Question

A stone is dropped from a height $h$. It hits the ground with a certain momentum $p$. If the same stone is dropped from a height $100\%$ more than the previous height, the momentum when it hits the ground is changed by ________?

Answer 1

Step 1: Given Data

Given: Momentum $=p$;

Let the mass of the ball be$‘m’$.

The height is incremented by $100\%$ with respect to the previous height:

If the previous height was ‘$h$’, the new height $H$ becomes ‘$2h$’.

Step 2: Case 1: When the ball is dropped from a height ‘$h$’

Initial velocity ($u_1$) $=0$

Let the final velocity be $v_1$

Net momentum $=p=m{v}_1$

Step 3: Case 2: When the ball is dropped from a height $H$,

Initial velocity ($u_2$)$=0$

Let the final velocity be ${\mathrm{v}}_2$

Net momentum $=p^{\text{'}}=m{\mathrm{v}}_2\left(\mathrm{i}\right)$

Step 4: Establish the Equation of Proportionality

From the third equation of uniformly accelerated motion:

$v^2=u^2+2\mathrm{as}$

$$\begin{gathered} {{\mathrm{v}}_2}^2={{\mathrm{u}}_2}^2+2\mathrm{gH} \\ {{\mathrm{v}}_2}^2={\left(0\right)}^2+2\mathrm{gH} \\ {{\mathrm{v}}_2}^2=2\mathrm{gH} \\ {\mathrm{v}}_2=\sqrt{2\mathrm{gH}}(\mathrm{equation}(\mathrm{ii}\left)\right) \end{gathered}$$

Replacing the ${\mathrm{v}}_2$by $\sqrt{2\mathrm{gH}}$in equation (i)

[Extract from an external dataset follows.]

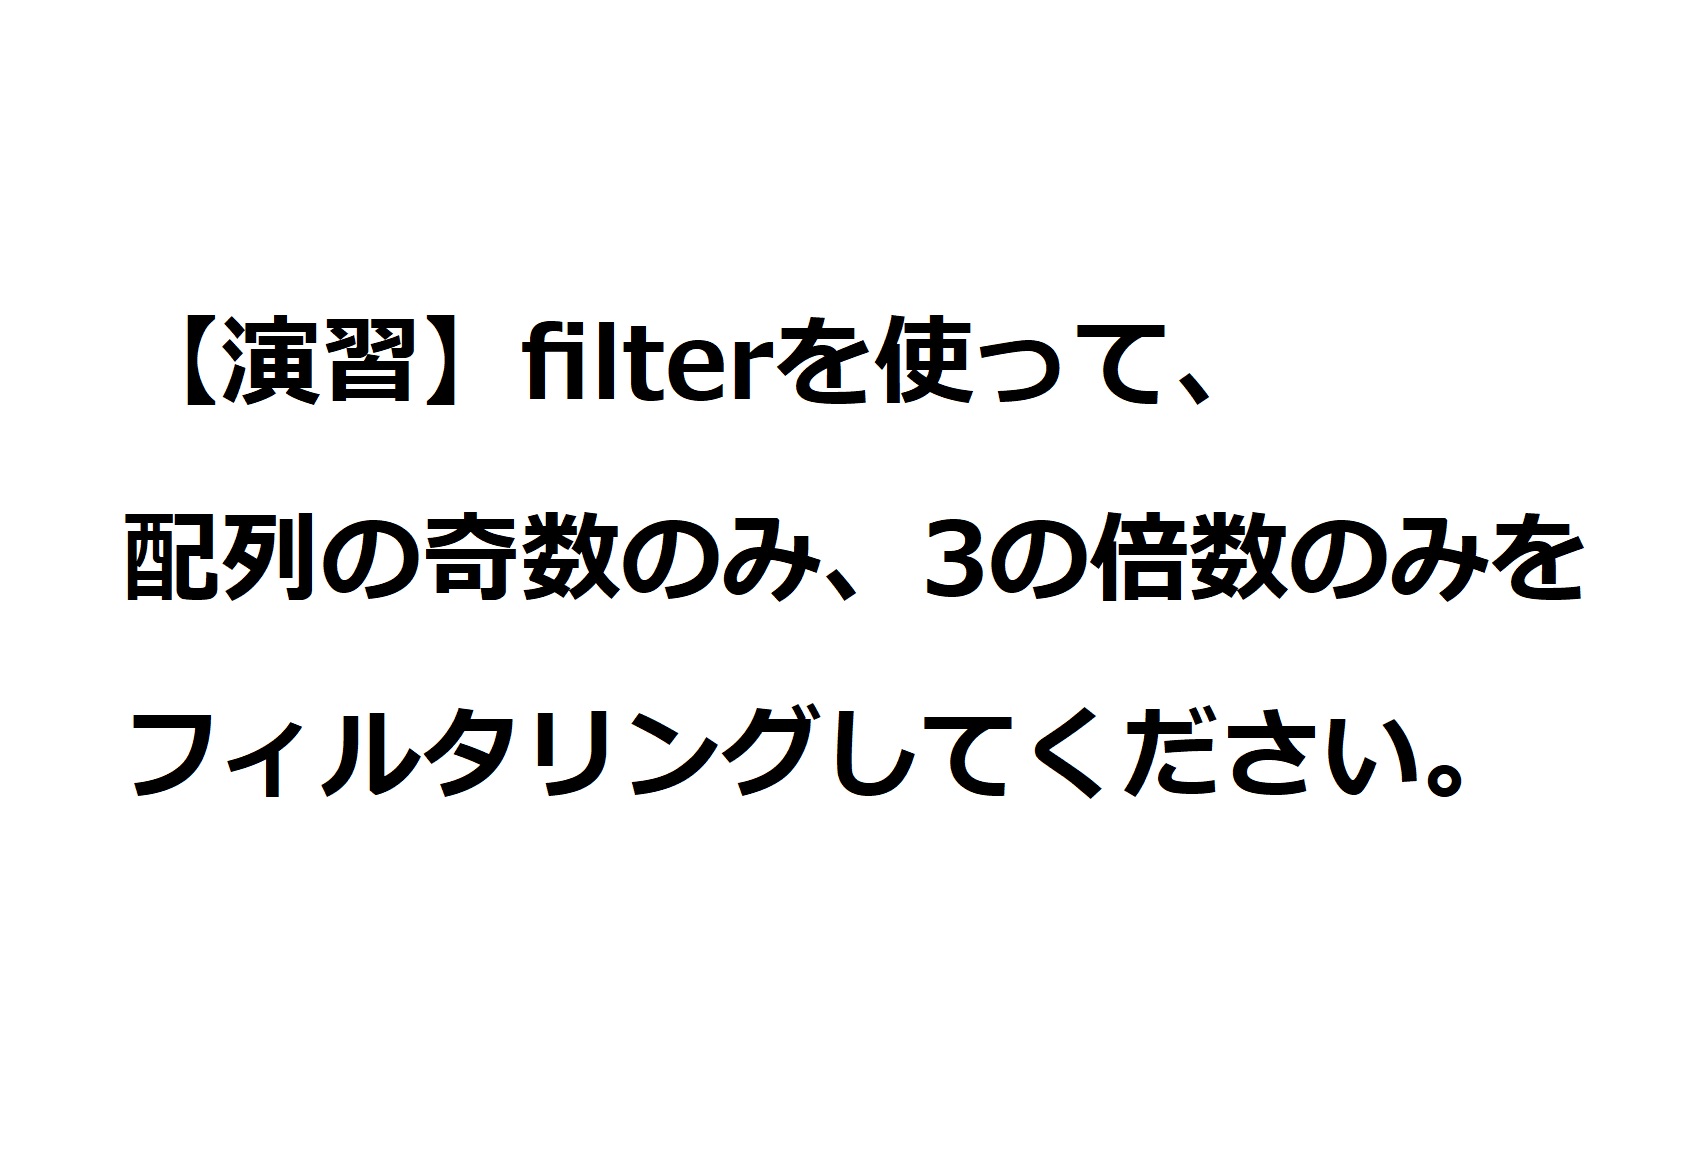 演習「filterを使った3の倍数のフィルタリング」の解答一例

We get: $p^{\text{'}}=\mathrm{m}\sqrt{2\mathrm{gH}}$

We can derive from the equation that $p^{\text{'}}\propto \sqrt{\mathrm{H}}$

In general, we can say that: $p\propto \sqrt{h}$

Step 5: Finding the relationship between momentum in case 1 and case 2:

$$\begin{gathered} \frac{p^{\text{'}}}{p}=\sqrt{\frac{\mathrm{H}}{h}} \\ \frac{p^{\text{'}}}{p}=\sqrt{\frac{2h}{h}} \\ \frac{p^{\text{'}}}{p}=\sqrt{2}=1.414 \\ {p}^{\text{'}}=1.414p \end{gathered}$$

Step 6: Calculating the percentage change in the momentum:

Percentage change$=\frac{(p^{\text{'}}-p)}{p}\times 100=\frac{(1.414p-p)}{p}\times 100=41.4\%$

Therefore, the momentum when it hits the ground is changed by $41.4\%$.